Not if that part of the stream isn't downloaded. It's quite easy to skip over
some chunks in either HTTP (range) or bittorent.

> The status quo is to use Adaptive Bitrate, where you publish streams at
> different quality levels and have the client choose which stream to use to
> adapt to network conditions.

This works well if you have a good connection (uninterrupted, so that you can
switch to adapt to the available bandwidth), however you cannot progressively
load better and better quality content, as the low quality one will be wasted.
Moreover, if the connection is interrupted, you cannot fall back to the low
quality content, as you probably haven't downloaded it.

However, that's just wasteful, as it would "just" be a matter of presenting
data in a manner that can be better chuncked. And for adaptative bitrate to
work well, you need a reliable bandwidth estimate from the start...

Luckily, network infrastructure is improving everywhere. But that shouldn't be
a reason to be _that_ wasteful, especially given that a) most of Internet's
bandwidth is dedicated to video b) it would lower transcoding energy costs as
well c) if everyone gets the same file, it's _much, much_ more effective for
p2p, such as in that case (especially for a moderate number of viewers).

Edit:

> From what I can tell SVC adds lower resolution streams to the H264 bitstream
> so that devices with weaker decoders can still decode the video.

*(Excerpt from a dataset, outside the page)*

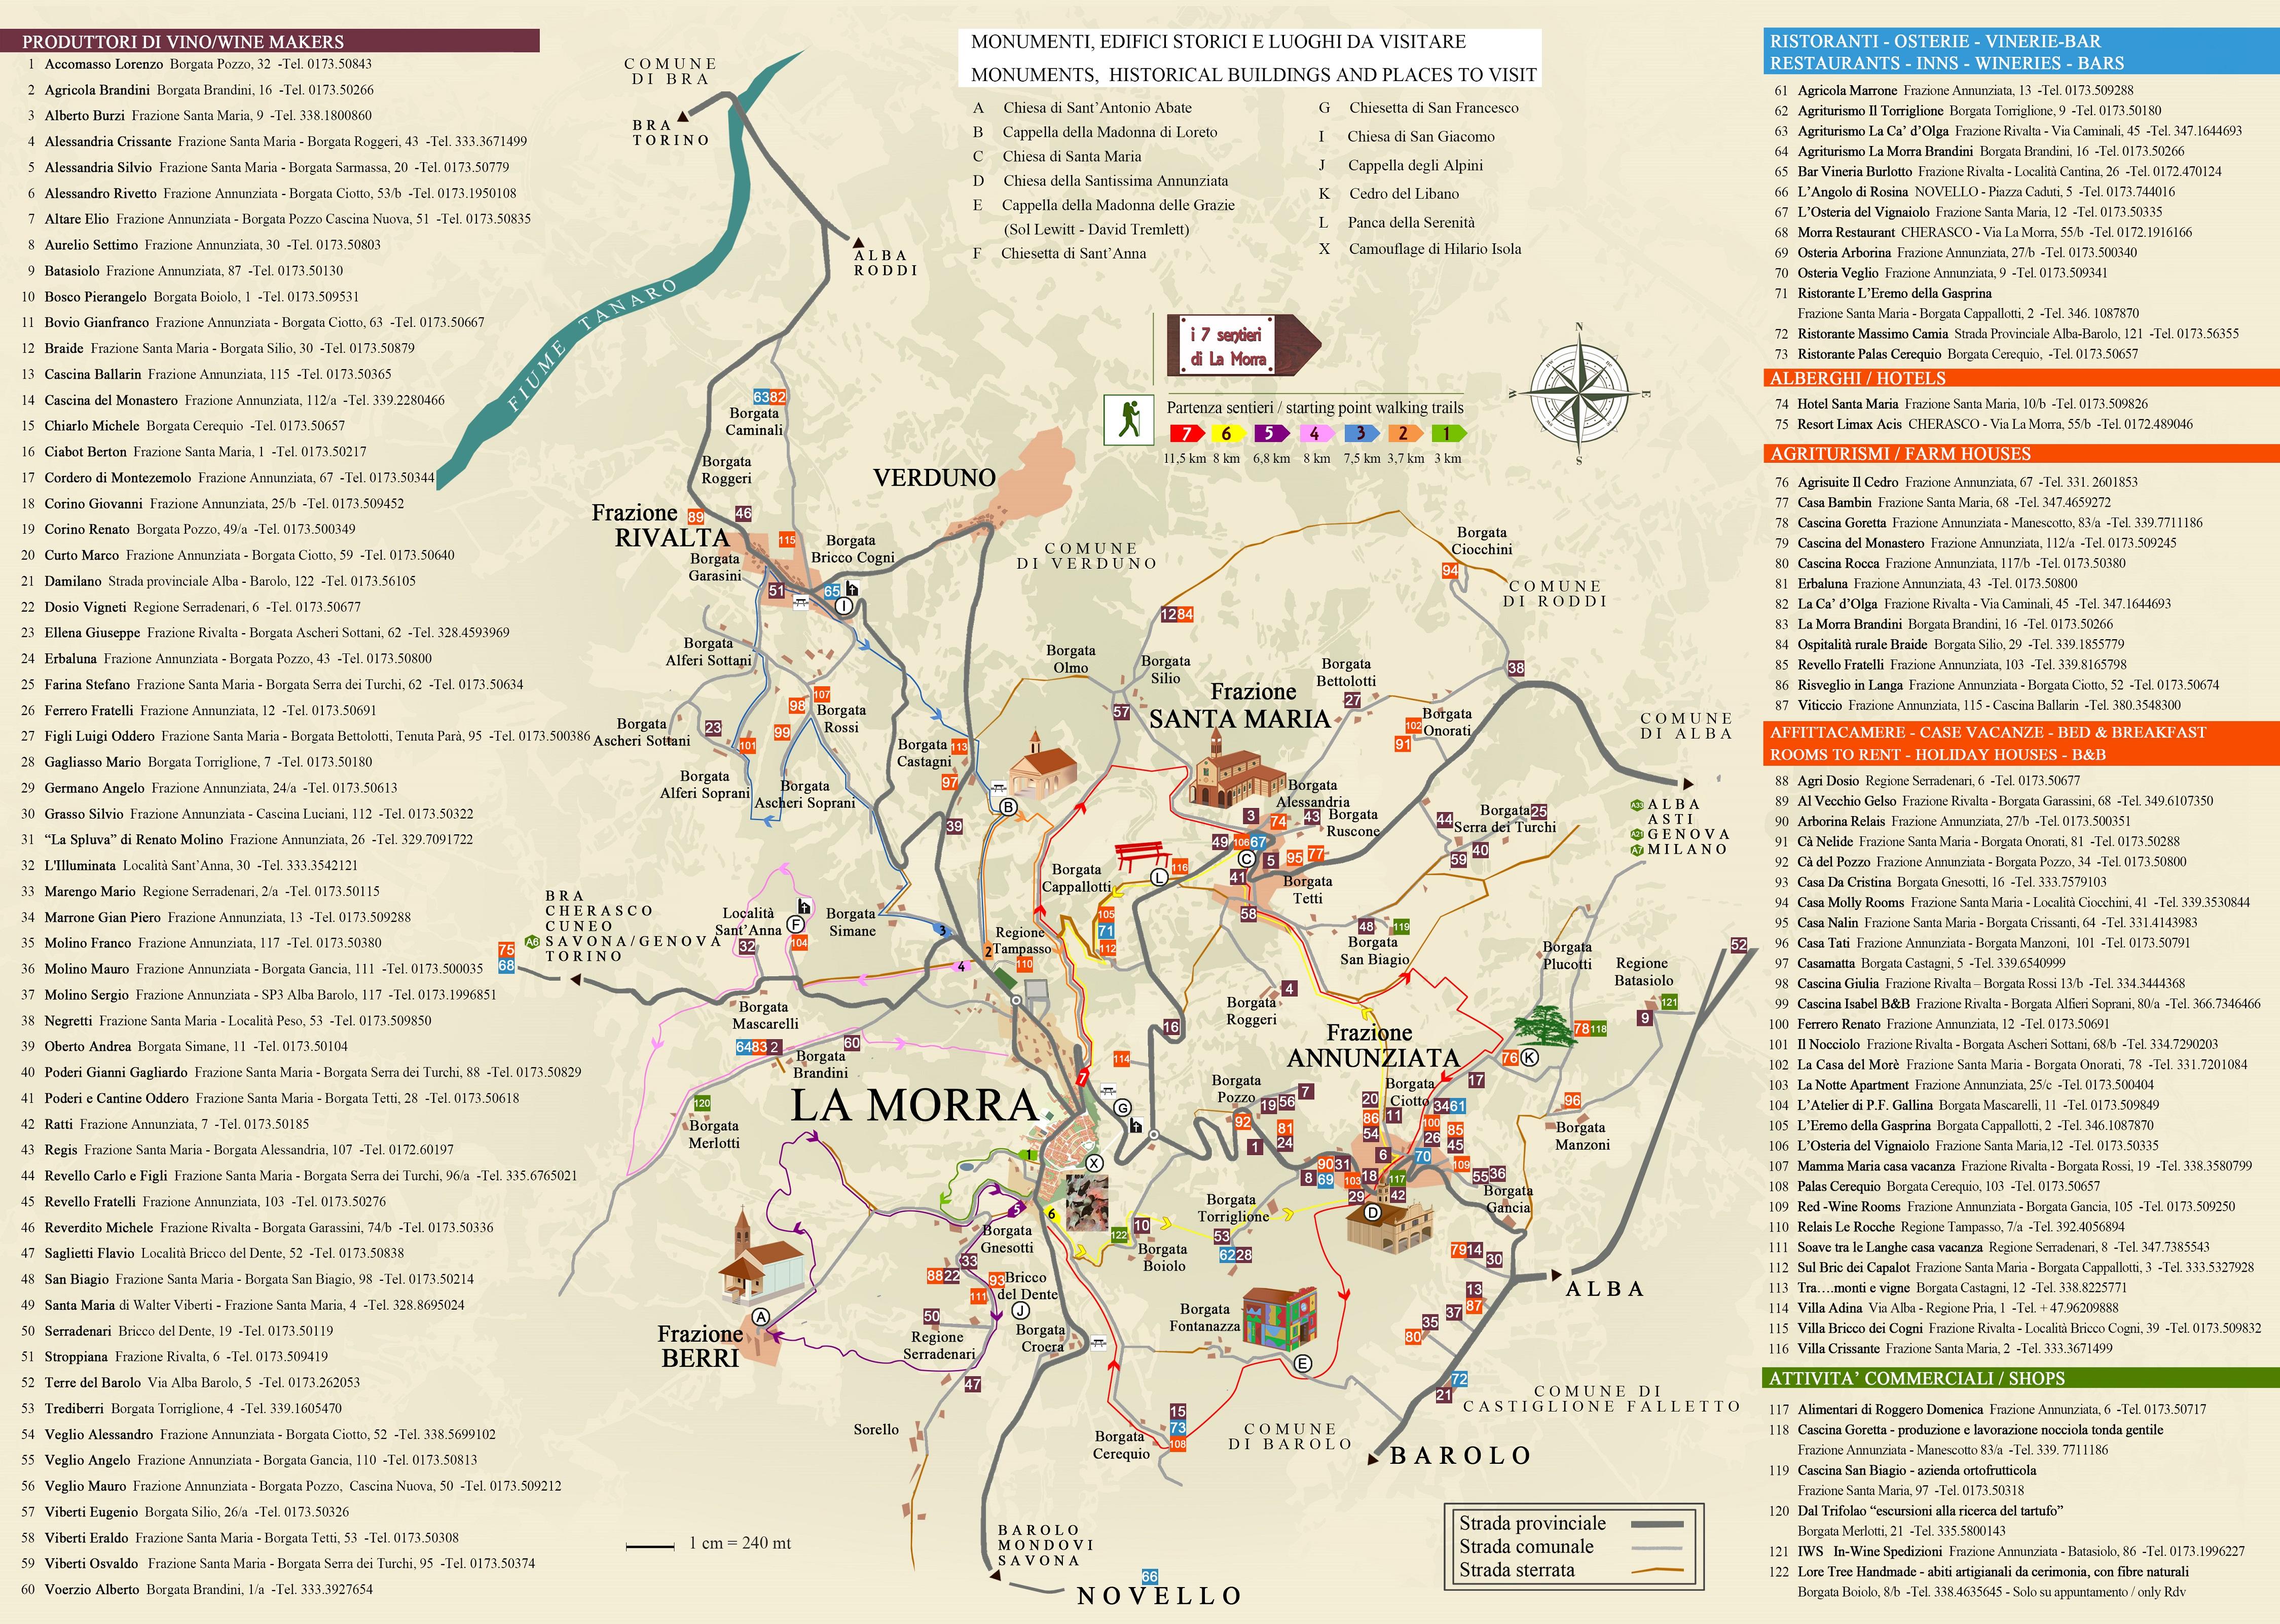 mappa-ufficiale-la-morra-2019-retro-copia

It's more like organizing the data so that some can be dropped, and it
gracefully degrades quality (FPS, resolution...) instead of dropping some
images. I tried to explain it with my own terms there:
[https://news.ycombinator.com/item?id=17307277](https://news.ycombinator.com/item?id=17307277)
before knowing the proper name.

Searching HN, I found
[https://news.ycombinator.com/item?id=18045494](https://news.ycombinator.com/item?id=18045494)
which kind of answers my question.

------
bedros
peertube will not catch up unless someone creates an advertisement market
place for PeerTube, so content creators can monetize their content outside
YouTube

here's a startup idea for you all. :-)

------
Hitton
Do I understand it correctly, that the federation in this case means that I
can watch video from site A on site B, while it's being hosted on A, meaning
bandwidth cost for A and no ability to for instance suggest videos A hosts,
show viewer advertisement, etc?

Not sure how would I like it if I hosted instance, paid storage and bandwidth
costs while noone even visits my site and views all content on site with
better SEO.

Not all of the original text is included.